The Lottery Class begins the Structure by maintaining which Histories are loaded. This object will push through each History, and can cause each History to calculate statistical data or run prediction tests, or run an actual prediction with results. A lottery’s History consists of the Drawing machines themselves

Multiple Stacks can be assigned to each Machine, thus allowing multiple prediction methods and results. Each Stack is responsible for maintaining the Groups of Filters

Multiple Groups can be assigned to each Stack, thus making Series filtering possible. The beginning Group starts the processing, eliminates balls, and passes its results on to the next Group in the Stack. Processing continues until the last Group is processed. Then the final exclusion set is obtained, yielding the actual prediction set.

The Filter maintains the general settings for the drawings that will be fed into a Processor Group. Once a Processor is added, it maintains it’s own settings thus allowing independent configuration of Processors. The Filter will pass the drawing history (or a pointer to it), the actual Score () array and any settings that the Processor needs in order to run correctly before running the Processor. The Cycle will be when the filter is on, and when the filter is off.

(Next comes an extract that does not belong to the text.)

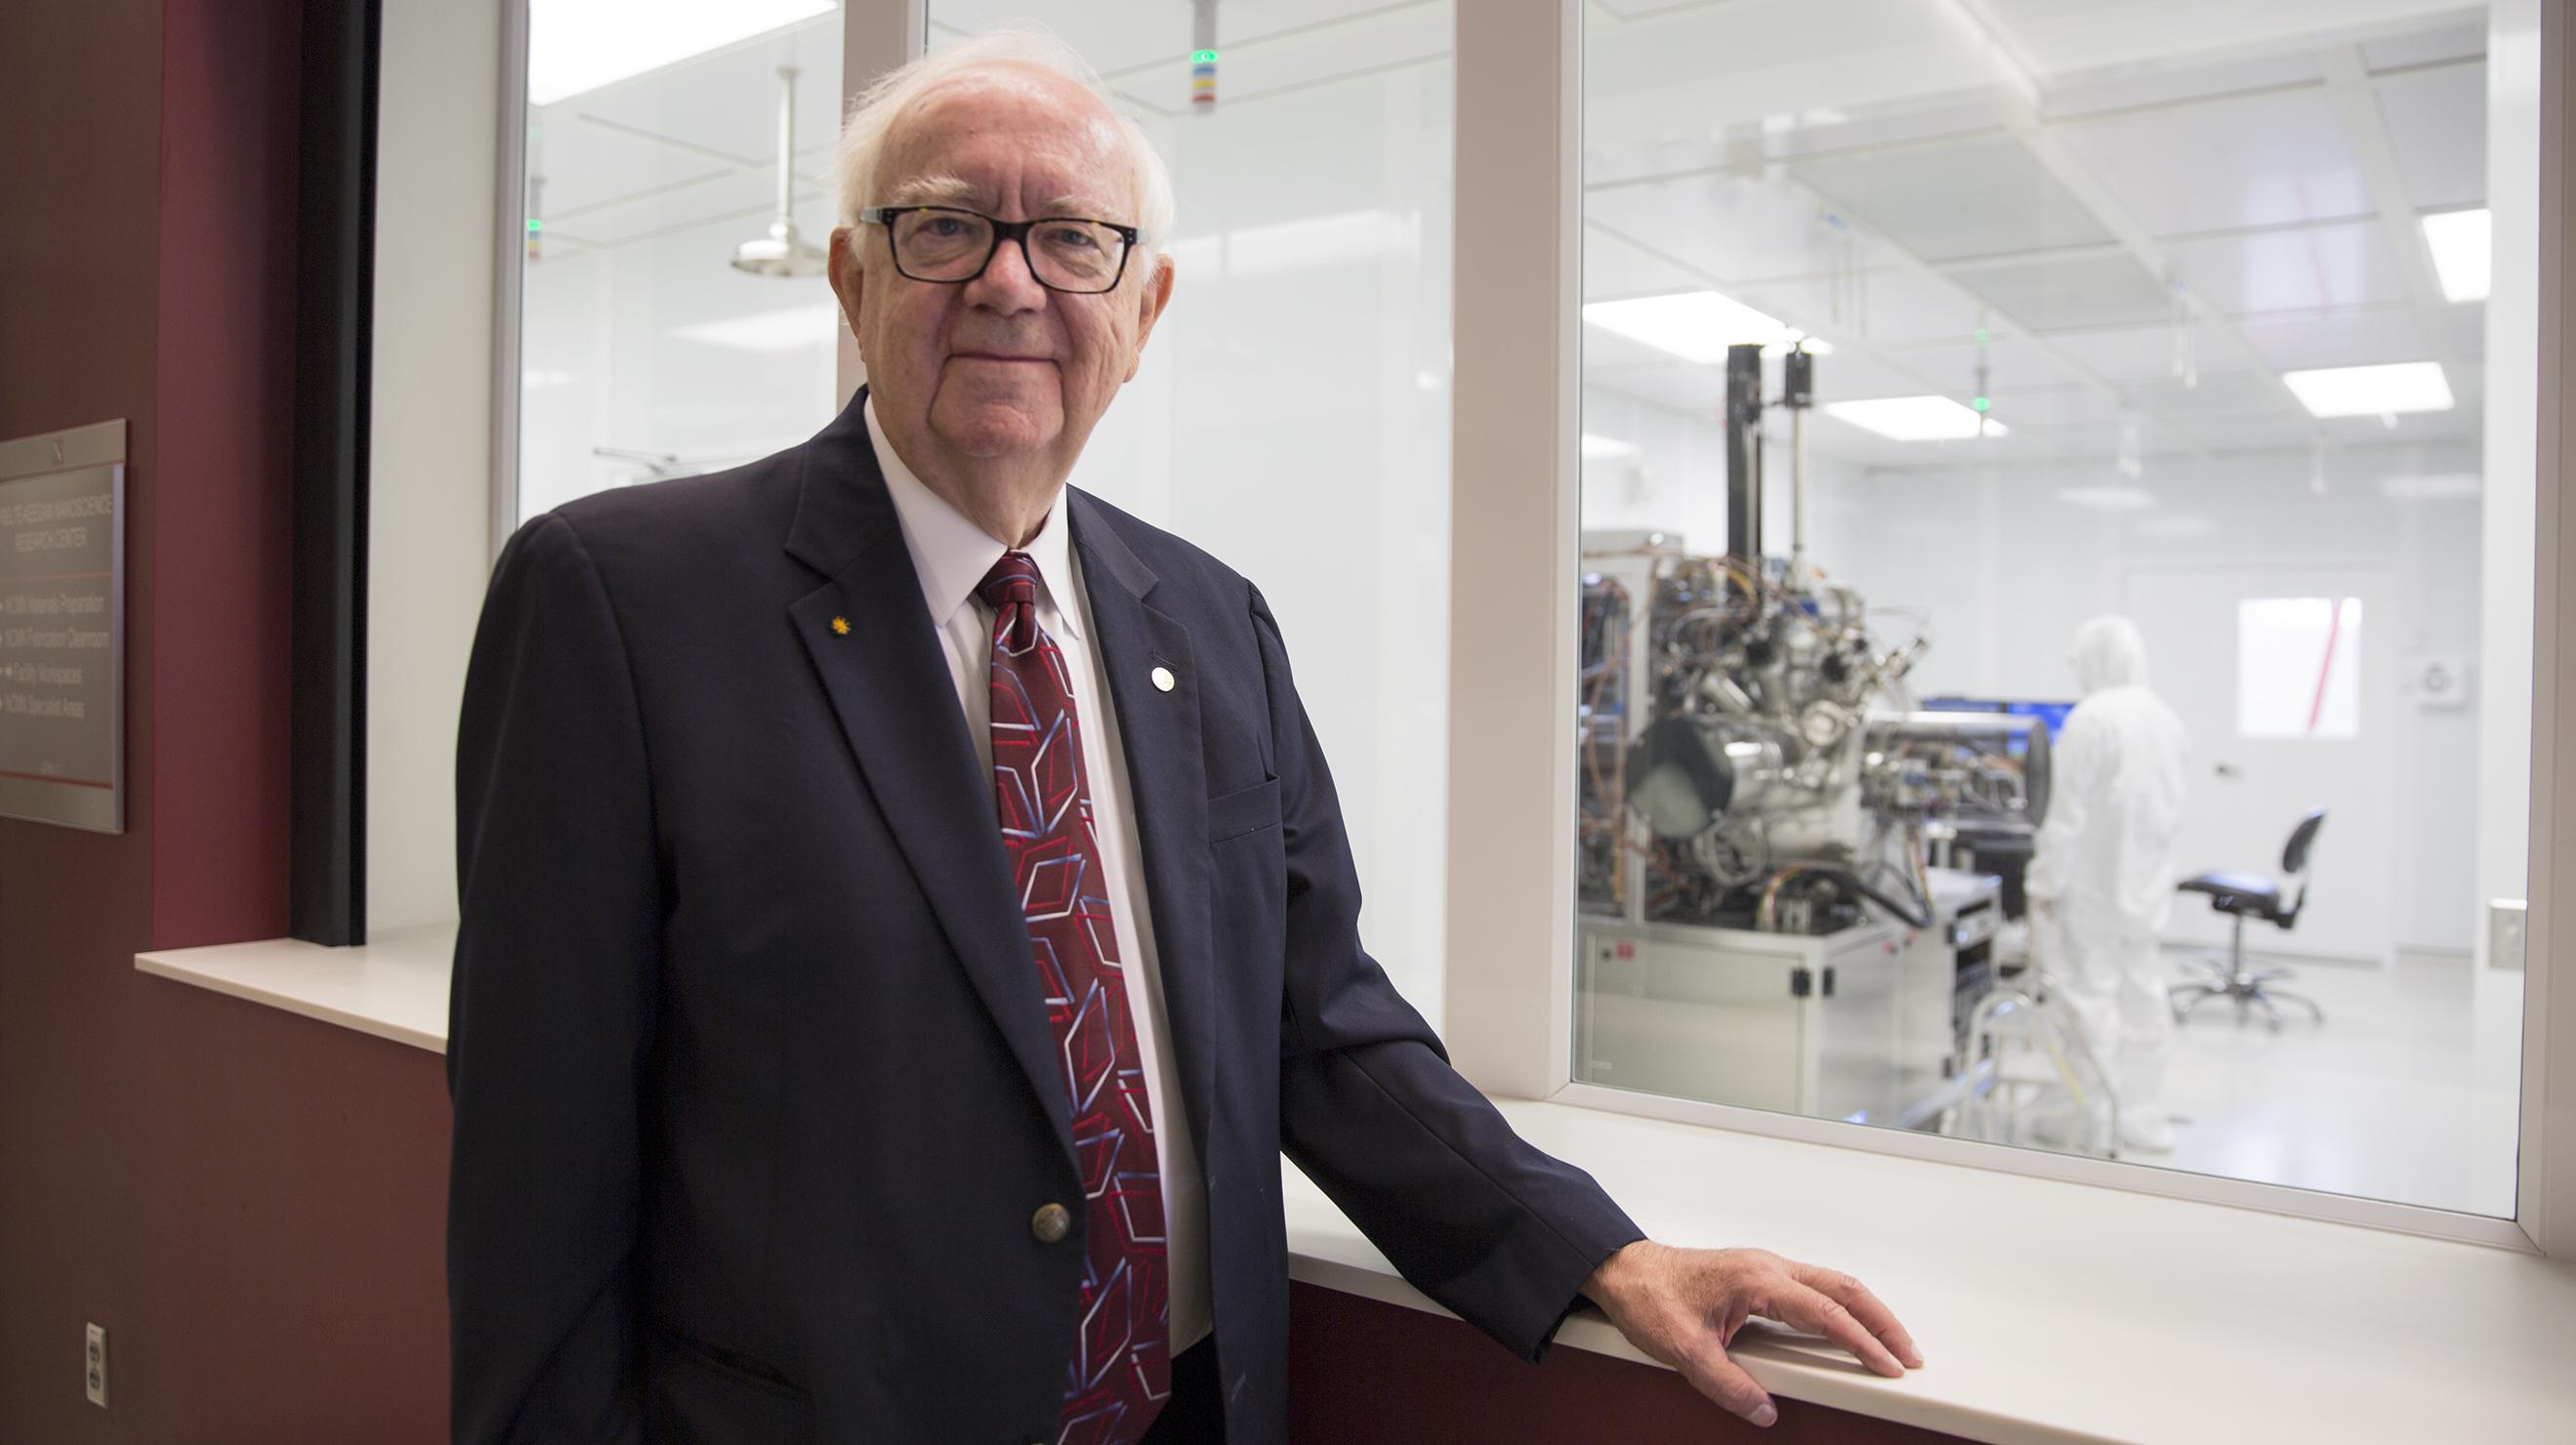 unl wins 3 5 million nsf grant for regional nanoscience center david sellmyer troy fedderson university communications

The Processors () is a collection of the independent Processors that can be run on a drawing history. A Processor must be designed with two major functions in mind. On the initial run, it muse calculate the entire set of data based upon the input settings. Each successive pass (or shift) of the data will require a much faster routine to account for the drawing being added, and the drawing being dropped. This dual mode programming allows for faster processing during the Hunting phase.

The Triggers() is a collection of functions that look for particular events in the drawing history.

The History Class will pass the Drawings Class downstream. This Drawings class is a collection of the Drawing Class. Both of these classes already exist, and will not need to be programmed again. Thus, when a Stack is added to the History, the Stack will then have a reference to the Drawings collection. It the can pass the object on down the line to the Group, etc. This passing of the object would continue all the way to the Processor. Thus ensuring the Processor has access to the Drawings that it must process.

Parallel Filters will have their final outputs combined before exiting the group, then the group’s total will be passed through the Selection Process. So in this case the Exclude () array belongs to the Selection class of the Group. Also, the Selection methods and properties belong to the Group Class.

A Selections class would be an ideal item to contain the array of selection methods. This way it is not very hard to implement any new selection methods. The user simply would have to add a new class, name it, and add it to the Selections class properly. It would be a collection of methods hidden behind a class object. In this way the Selection method object could be returned from the collection, instead of being explicitly called by the Group class. Also, by having a key associated with the Selection method, a more robust saving method could be used to save the Stack structure to a file for later loading.